Wren really isn’t thinking of much beyond constant memories of Lucy and trying to find her again by visiting all the towns that the onetime art dealer would visit on her work trips, where she’d pick up at coasters from the bars she drank at to bring back to her beloved Wren (wrens were also Lucy’s favourite bird so the name has extra resonance there).
Everston is where the last coaster came from, and it’s here that Wren settles, unable to write thanks to grief’s heavy pall, with the semi-recluse spending her time renovating the long neglected home of senior citizen Gill, who is a member of the grief support group and eventually Wren’s pancake buddy at Sam’s Diner.
(the author (right) and the reviewer (left) at Dymocks’ Books in Bars event, Thursday 19 march 2026)

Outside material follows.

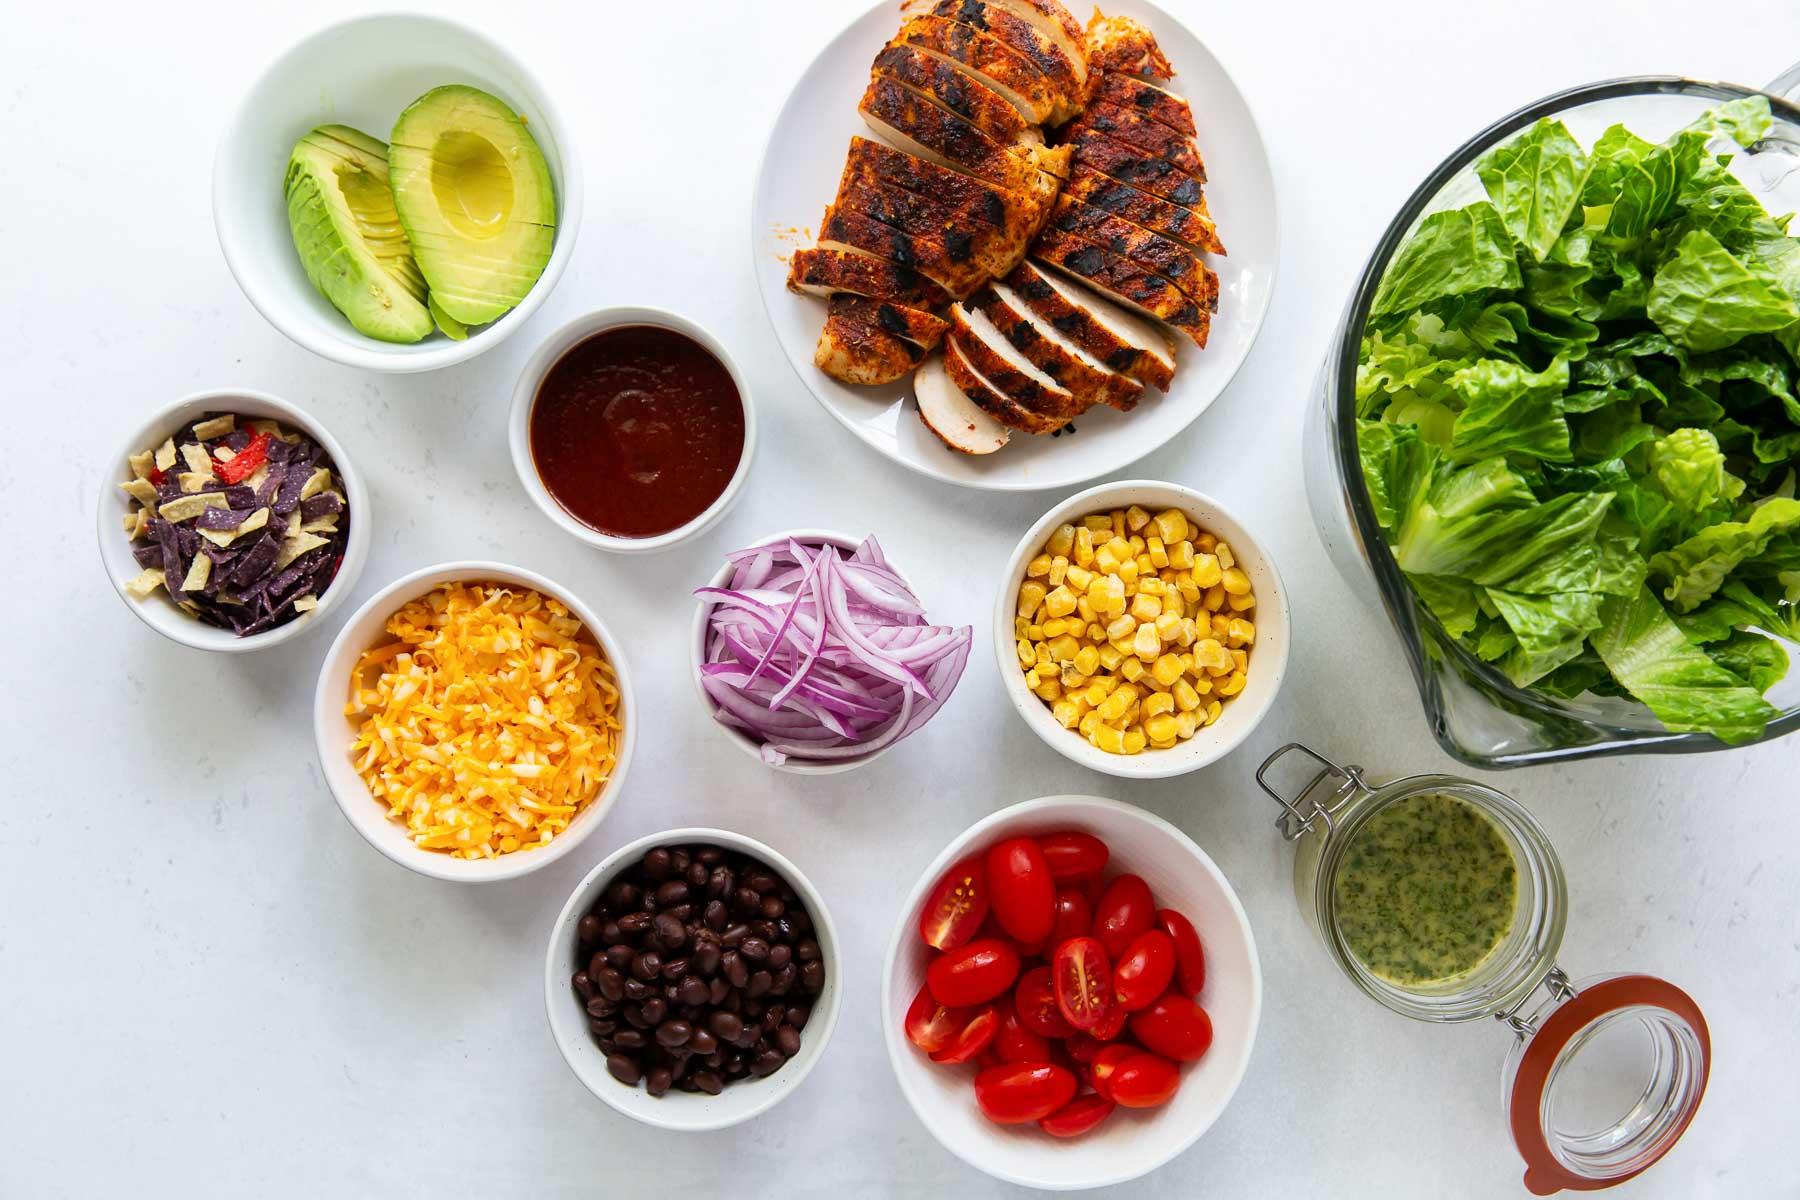 ingredients for bbq chicken salad recipe
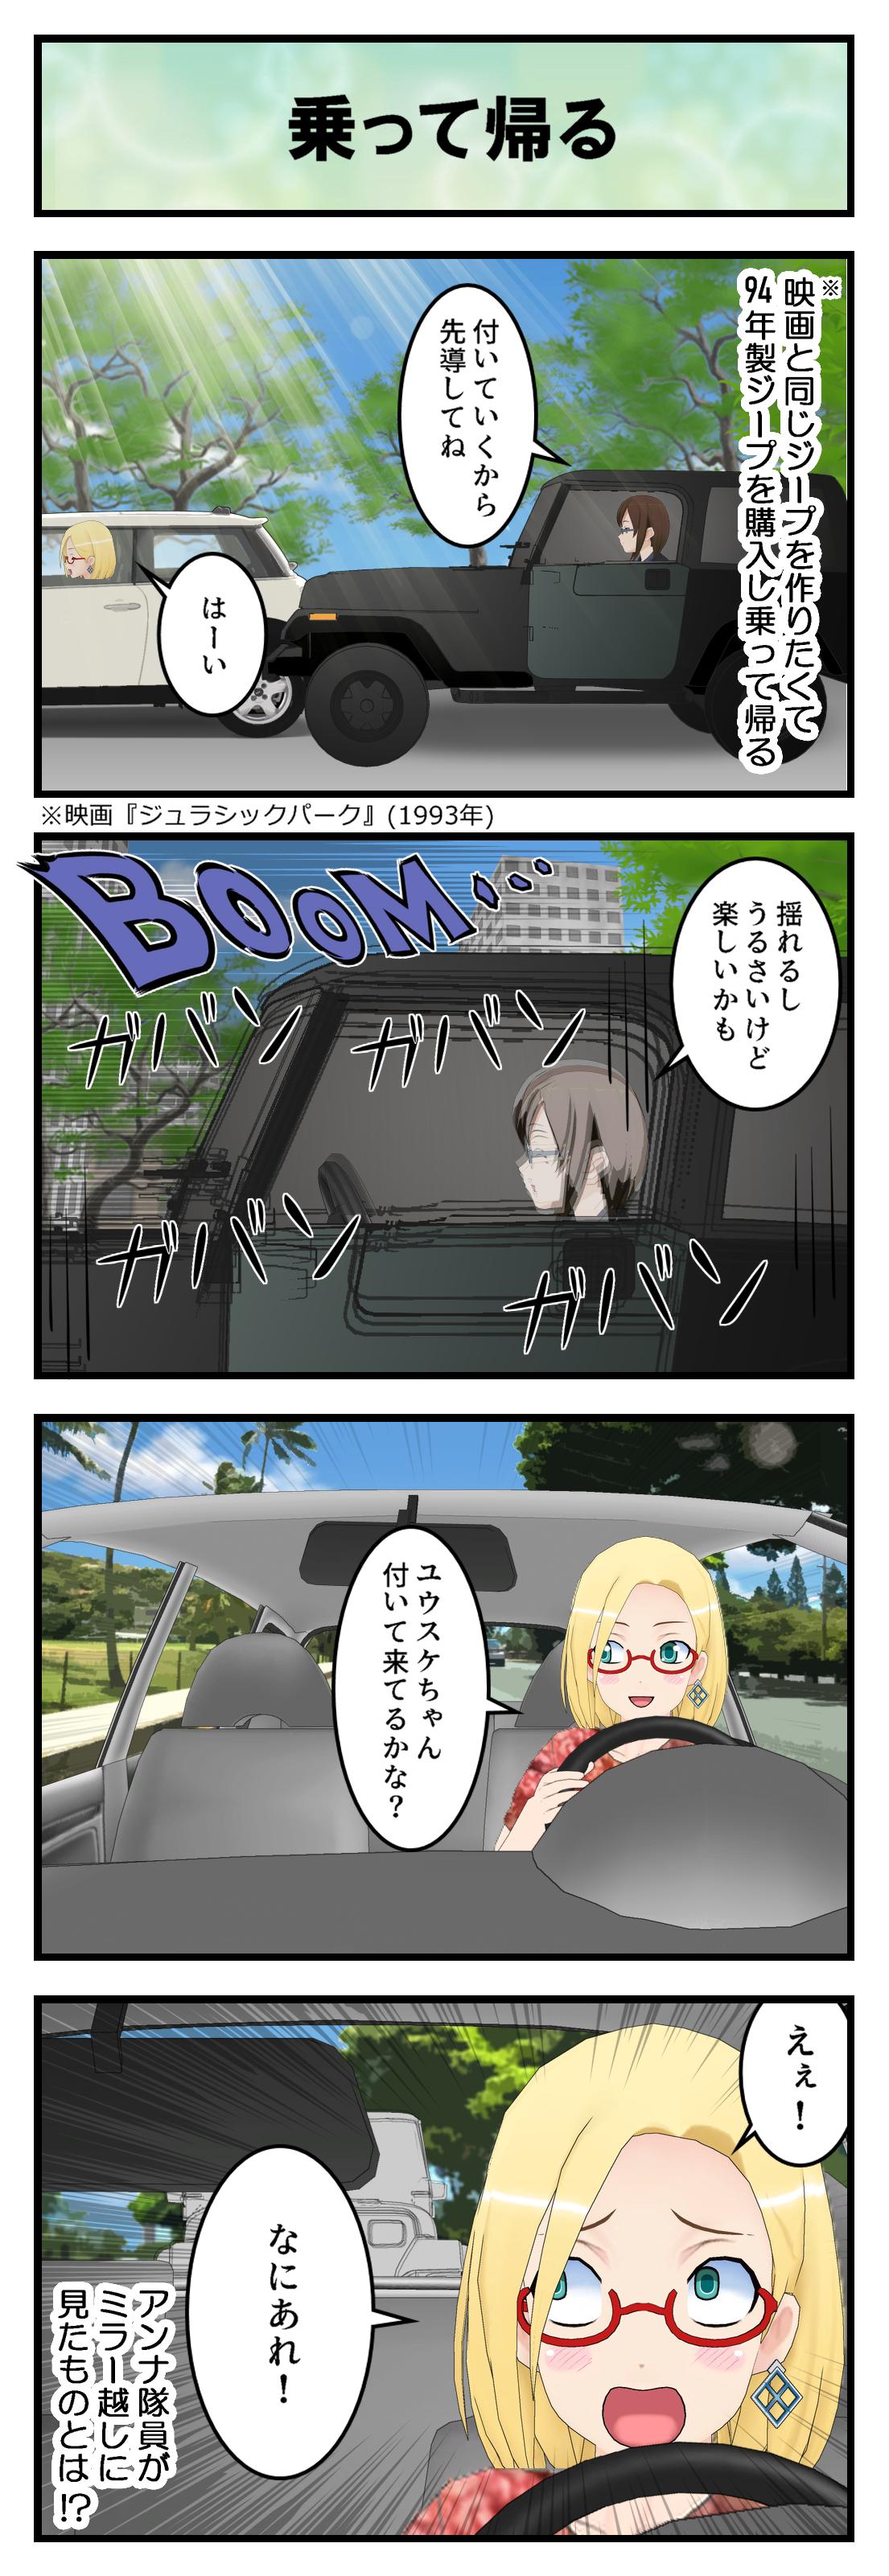 R701_帰り道_001

Wren isn’t planning on connecting herself with anyone, least of all the members of a grief support group but as she gets to know Gill and Henry, she finds herself drawn to the group, initially by virtue of the simple fact that she’s drinking one Tuesday night at the bar where an issue with the library’s plumbing has forced the group to relocate.
There she meets the rest of the group – Rita, Emmy, Bobby, Winnie and Julian, and most importantly, Olivia, a hard-bitten journalist grieving the death of a mother who never really loved her properly – and ends up becoming friends with them all and discovering that maybe her grief can become something else entirely, hard though that it to imagine.
The brilliance of The Last Poem is that it cracks open each and every mistaken idea we may have about grief and challenges them in the most loving and poetically caring ways possible.
Much of this is due to the fact that Peppernell is also a celebrated, internationally bestselling poet whose books have entered the homes and hearts of people the world over, and it makes sense then that poems feature heavily in the plot as each member of the group is asked to write a poem that reflects what grief and loss has been like for them and maybe what a future beyond its initial intensity might look like.
She [Wren] moved into my arms, holding me close to her. ‘This is what’s best, Liv,’ she whispered against my neck. ‘A new life. Here, in Everston, with you where nothing can hurt us.’
I [Olivia] held her tighter, knowing she needed this moment. Knowing, perhaps, that I needed it too.
These poems are sprinkled artfully and with great meaning through a novel that wears its heart very much on its sleeve, in ways that feel both devastatingly honest but also hopefully uplifting, and which stares grief right in the eye, admits how awful it can be but how by admitting to that truth, there can be healing and life beyond it.
The Last Poem sings with pain and joy in equal measure, and this is in part to its willingness to explore grief as it actually is.
People don’t mean to do this, of course, but when they are comforting a friend or family members lost in grief – which, by the way, takes many forms for many reasons and isn’t simply the result of the death of someone you love – they inadvertently try to minimise how grief feels and how quickly you should recover from it.
The real gift of The Last Poem of this raw, deeply emotional novel is that is simply says grief IS and by not putting labels on it or defining expectations, allows those caught in its grasp to breathe a sigh of relief, as all the characters do, that what they are experiencing, even though it might differ wildly from those around them, is completely valid.
Filled with honest reflections on the pain of grief and its slow, long passage through our lives, The Last Poem also celebrates loving again, in whatever form that may take, offering the promise of healing and renewal in the most glorious of ways at a time when people think life has ended.
It hasn’t, sings The Last Poem quickly and beautifully, it’s just different, and that is okay.